+++ Stored data +++

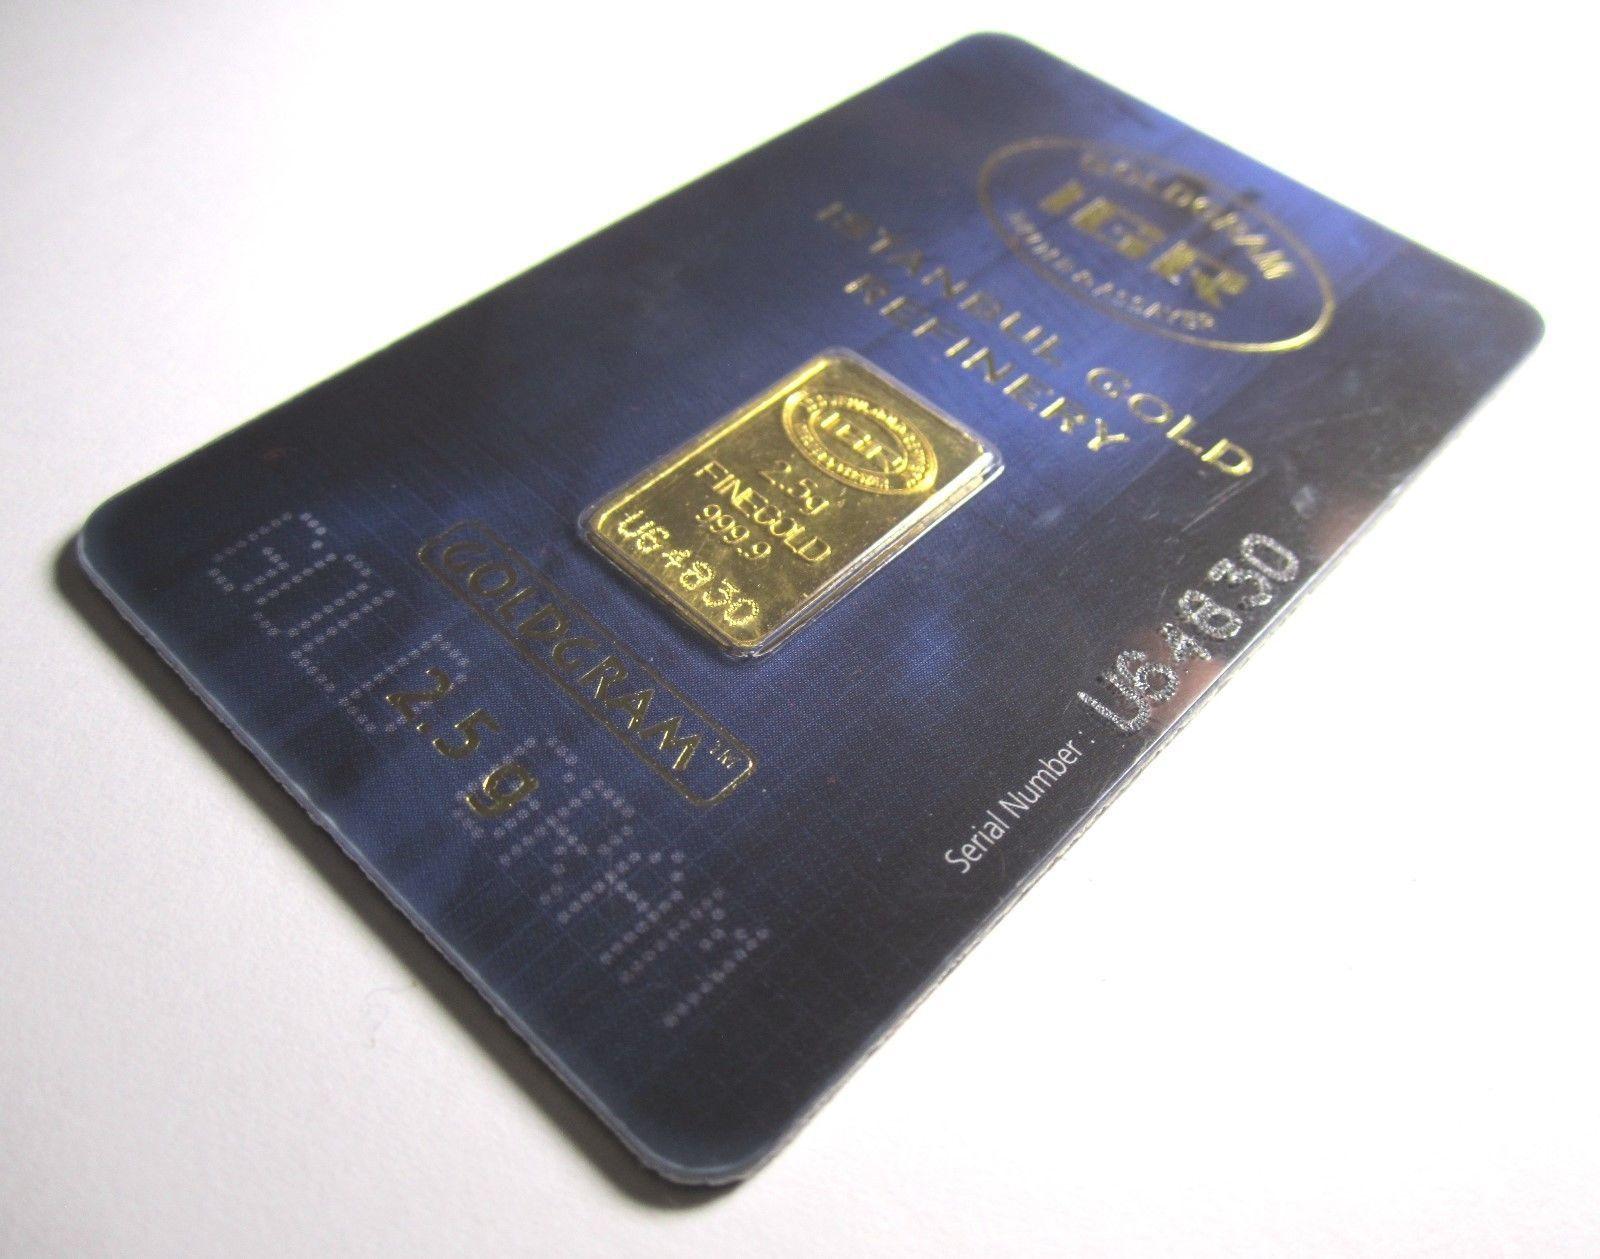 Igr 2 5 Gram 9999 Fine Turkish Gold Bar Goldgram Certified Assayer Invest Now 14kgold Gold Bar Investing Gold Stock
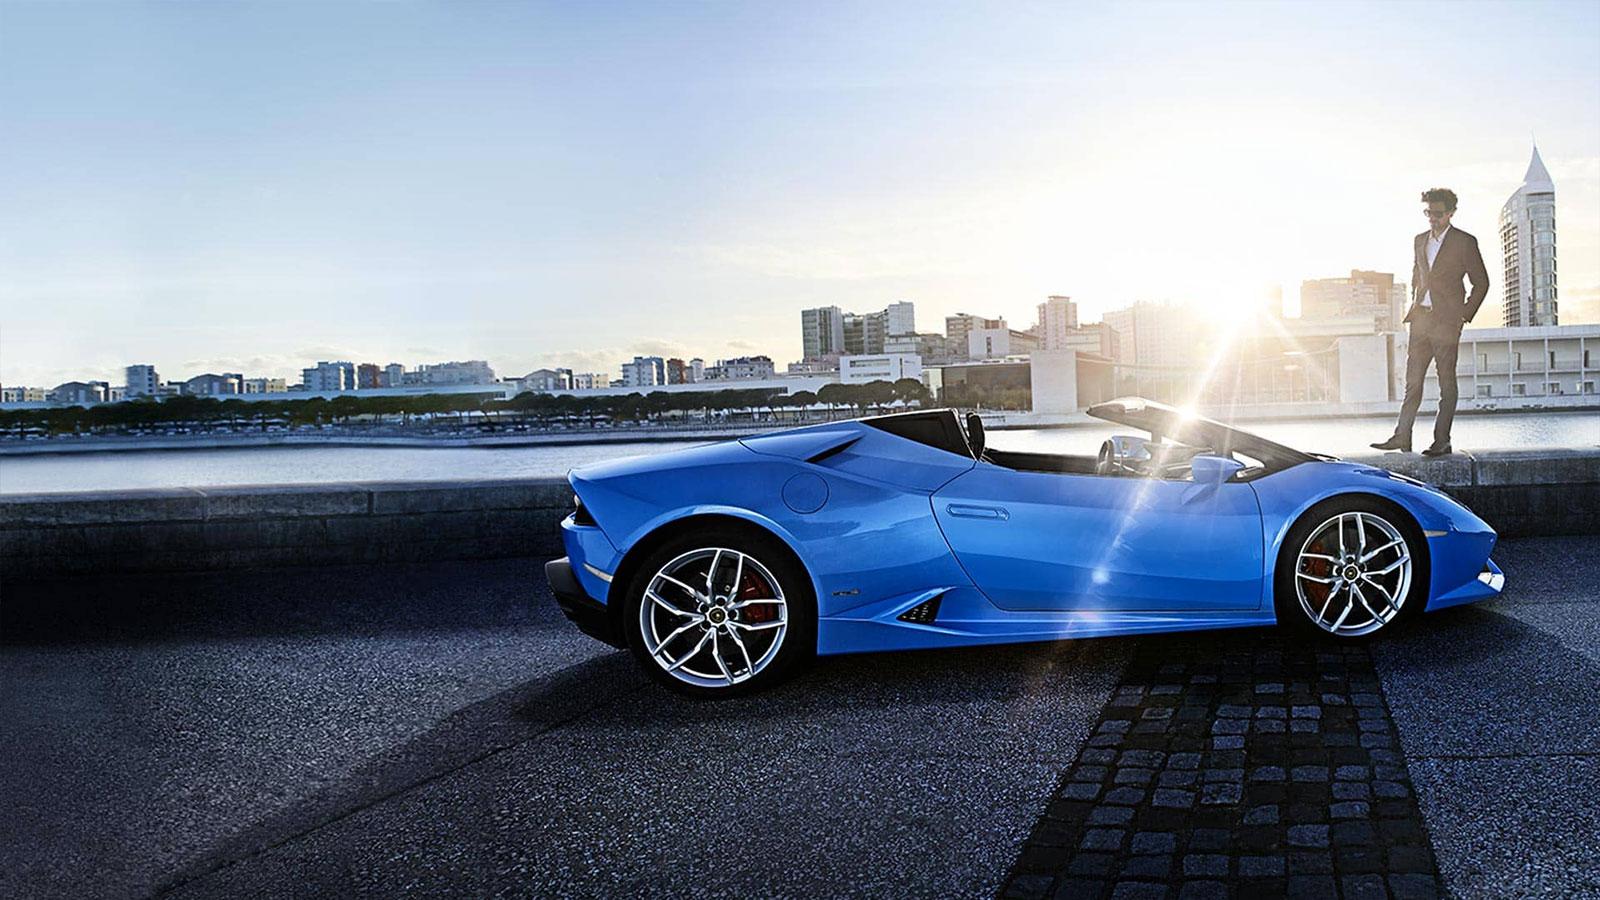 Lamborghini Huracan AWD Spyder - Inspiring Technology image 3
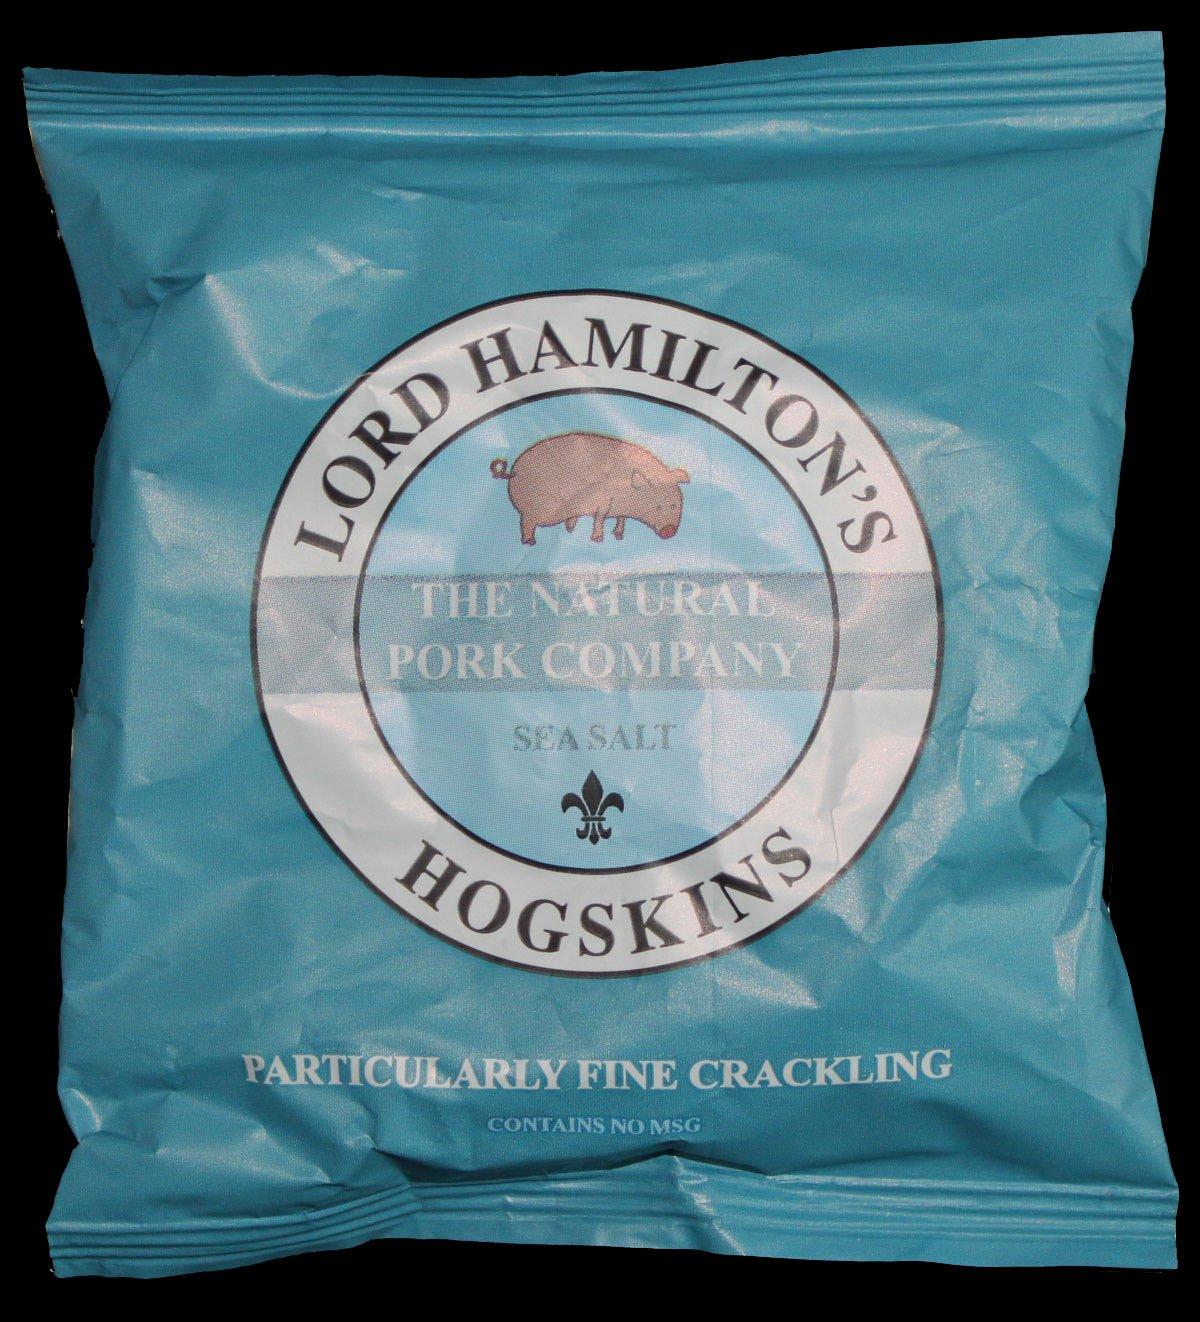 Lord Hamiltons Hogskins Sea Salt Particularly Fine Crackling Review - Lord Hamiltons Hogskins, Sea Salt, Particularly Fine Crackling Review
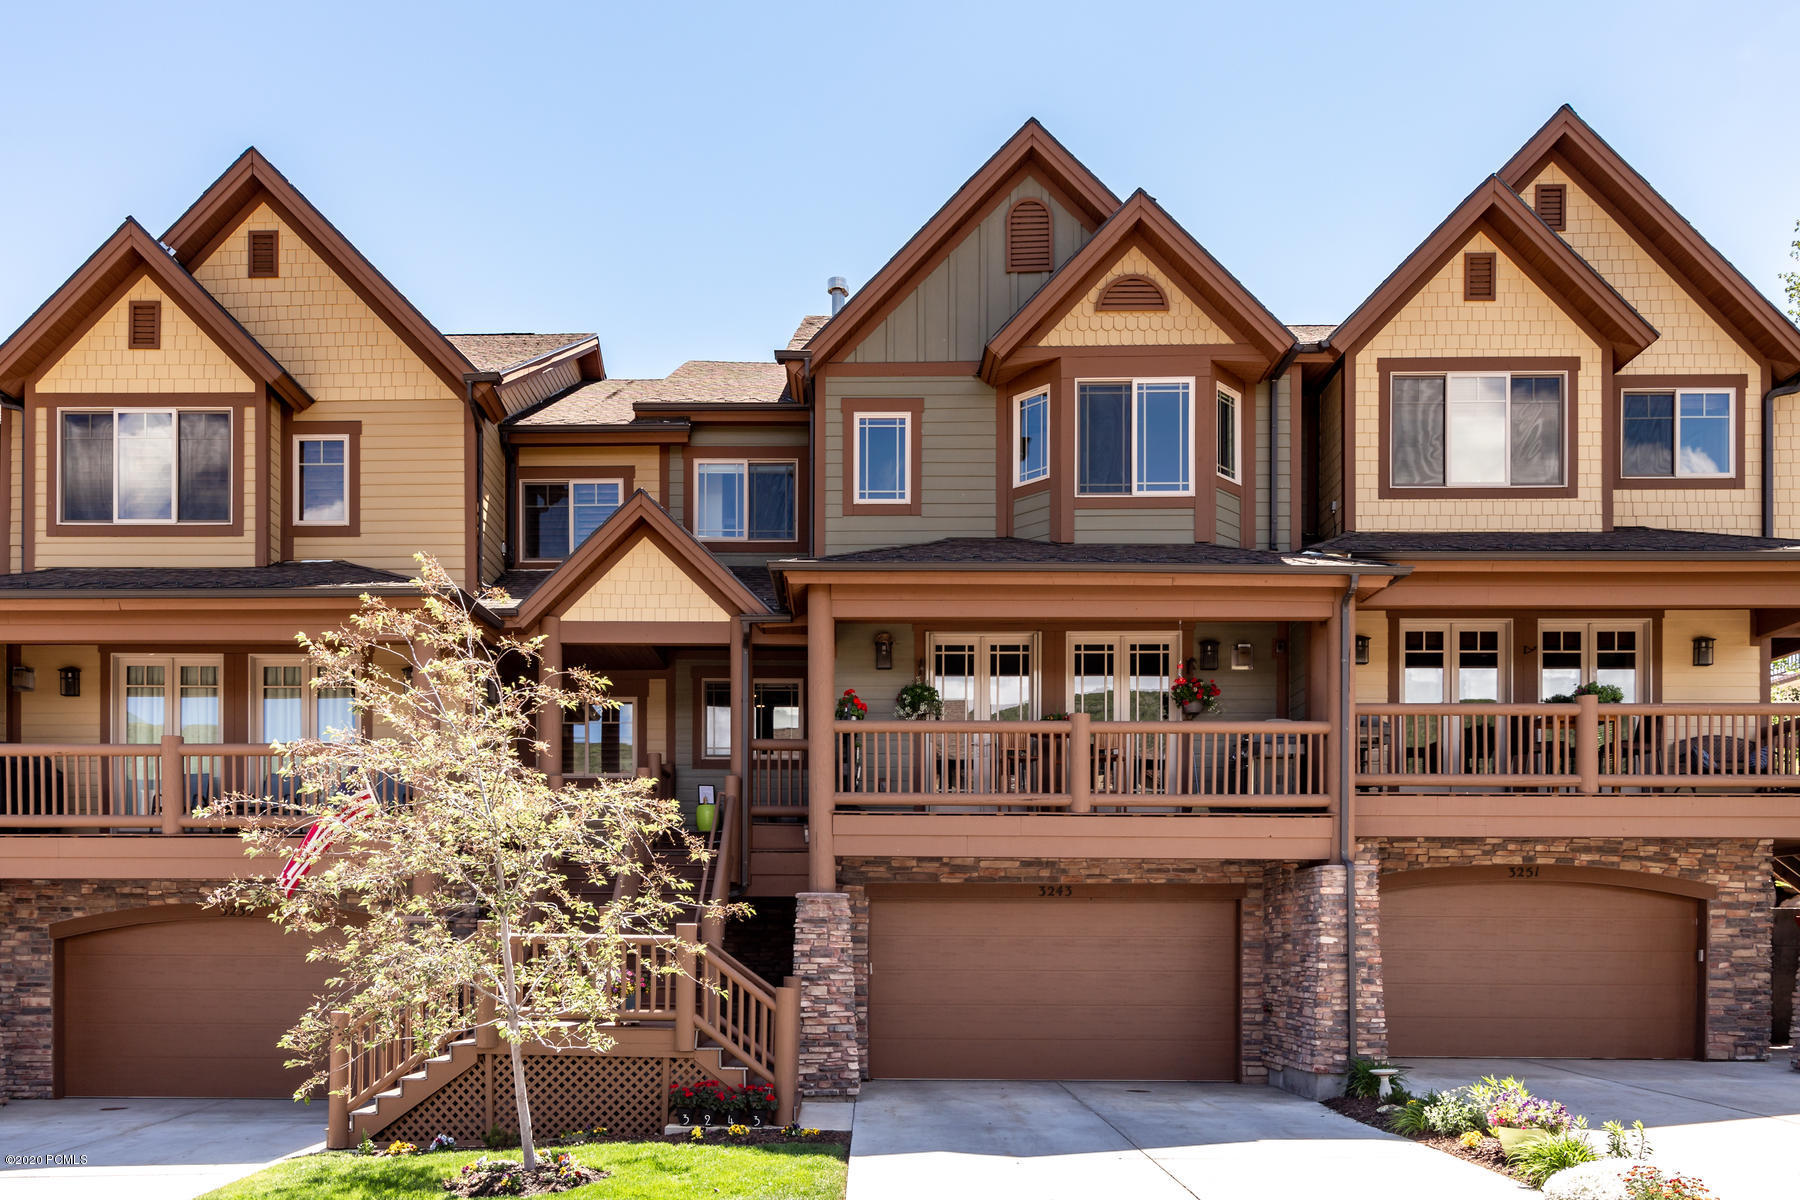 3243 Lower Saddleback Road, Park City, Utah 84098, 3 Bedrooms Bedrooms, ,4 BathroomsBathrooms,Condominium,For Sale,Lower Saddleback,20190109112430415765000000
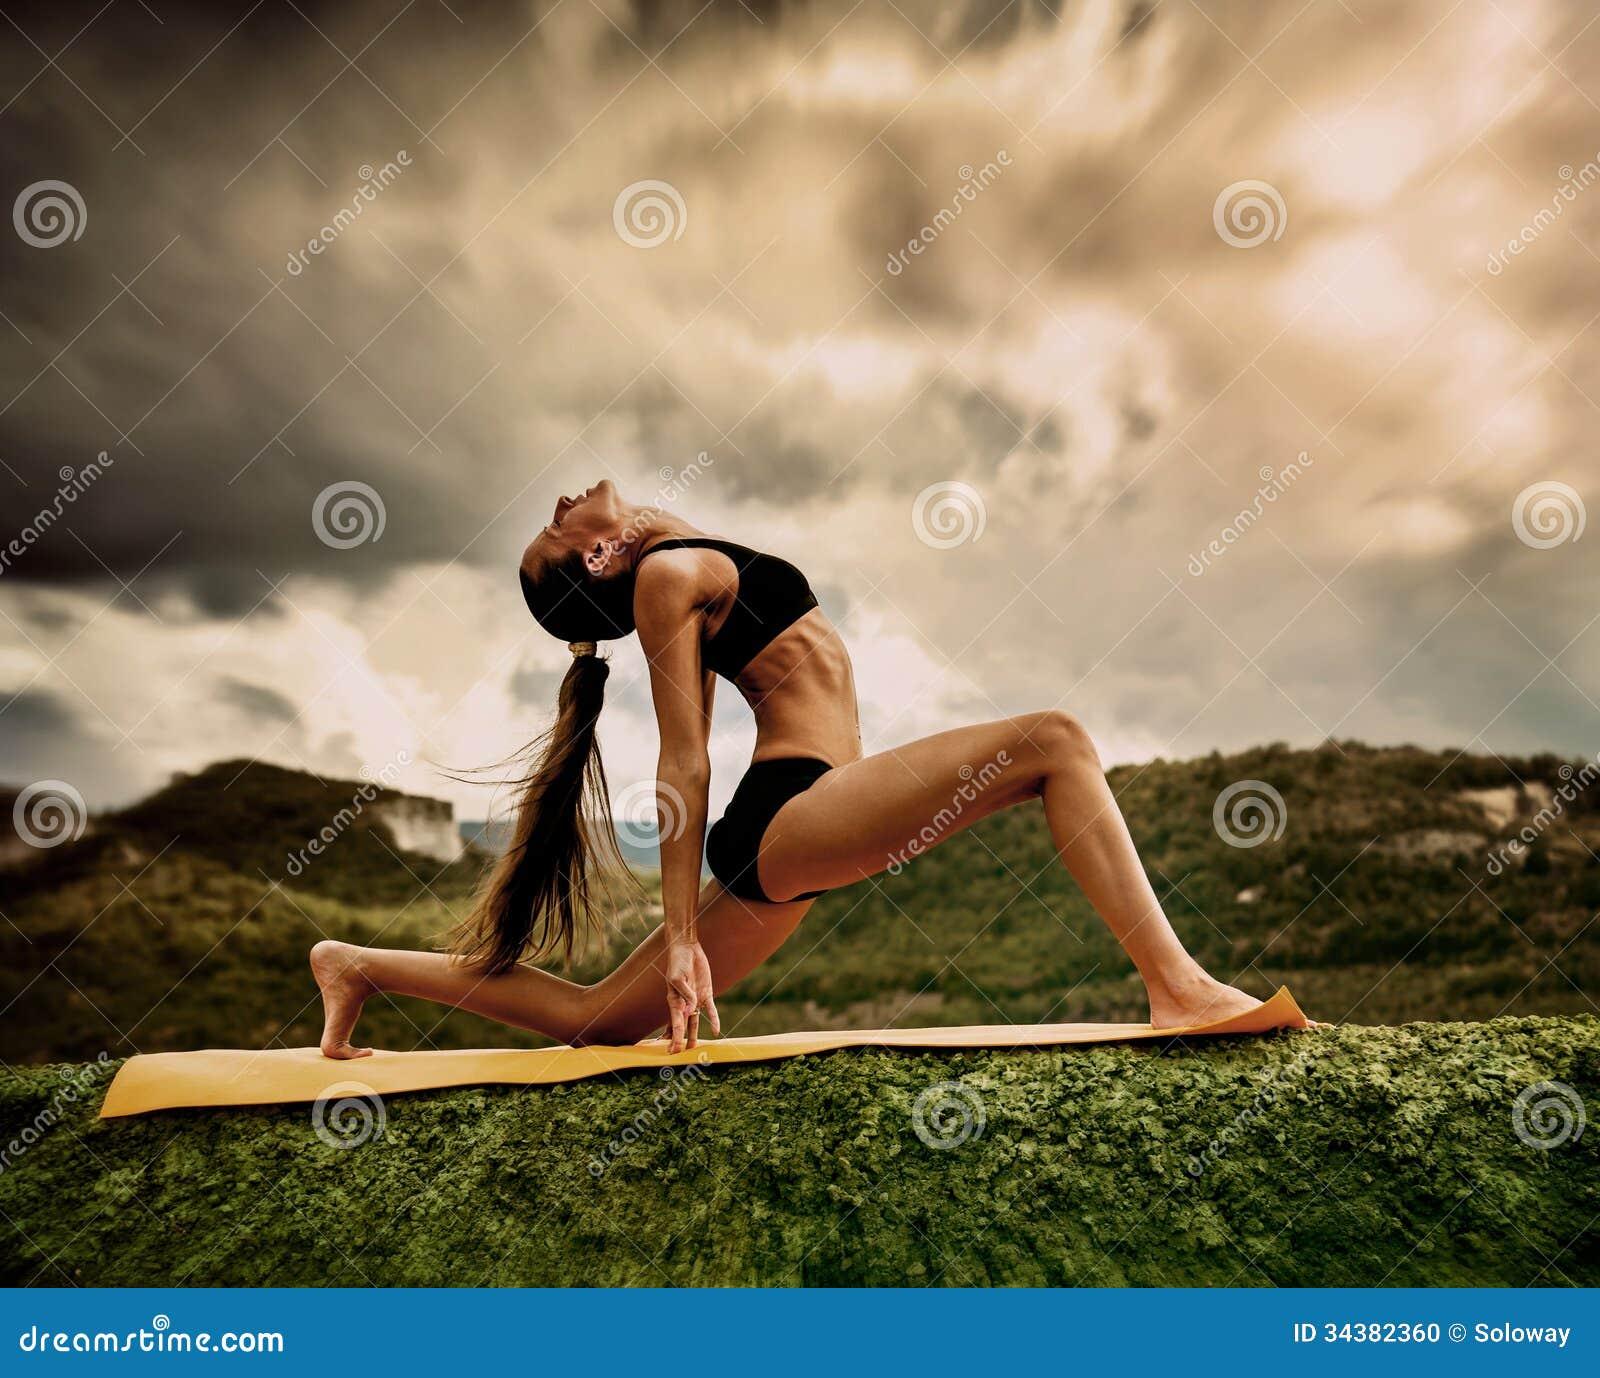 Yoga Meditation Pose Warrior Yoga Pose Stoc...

+++

#### Task prompt
Apart from the images, every line above needs to be printed again exactly.

#### Solution to this exercise
 Igr 2 5 Gram 9999 Fine Turkish Gold Bar Goldgram Certified Assayer Invest Now 14kgold Gold Bar Investing Gold Stock
 Lamborghini Huracan AWD Spyder - Inspiring Technology image 3
 Lord Hamiltons Hogskins Sea Salt Particularly Fine Crackling Review - Lord Hamiltons Hogskins, Sea Salt, Particularly Fine Crackling Review
 3243 Lower Saddleback Road, Park City, Utah 84098, 3 Bedrooms Bedrooms, ,4 BathroomsBathrooms,Condominium,For Sale,Lower Saddleback,20190109112430415765000000
 Yoga Meditation Pose Warrior Yoga Pose Stoc...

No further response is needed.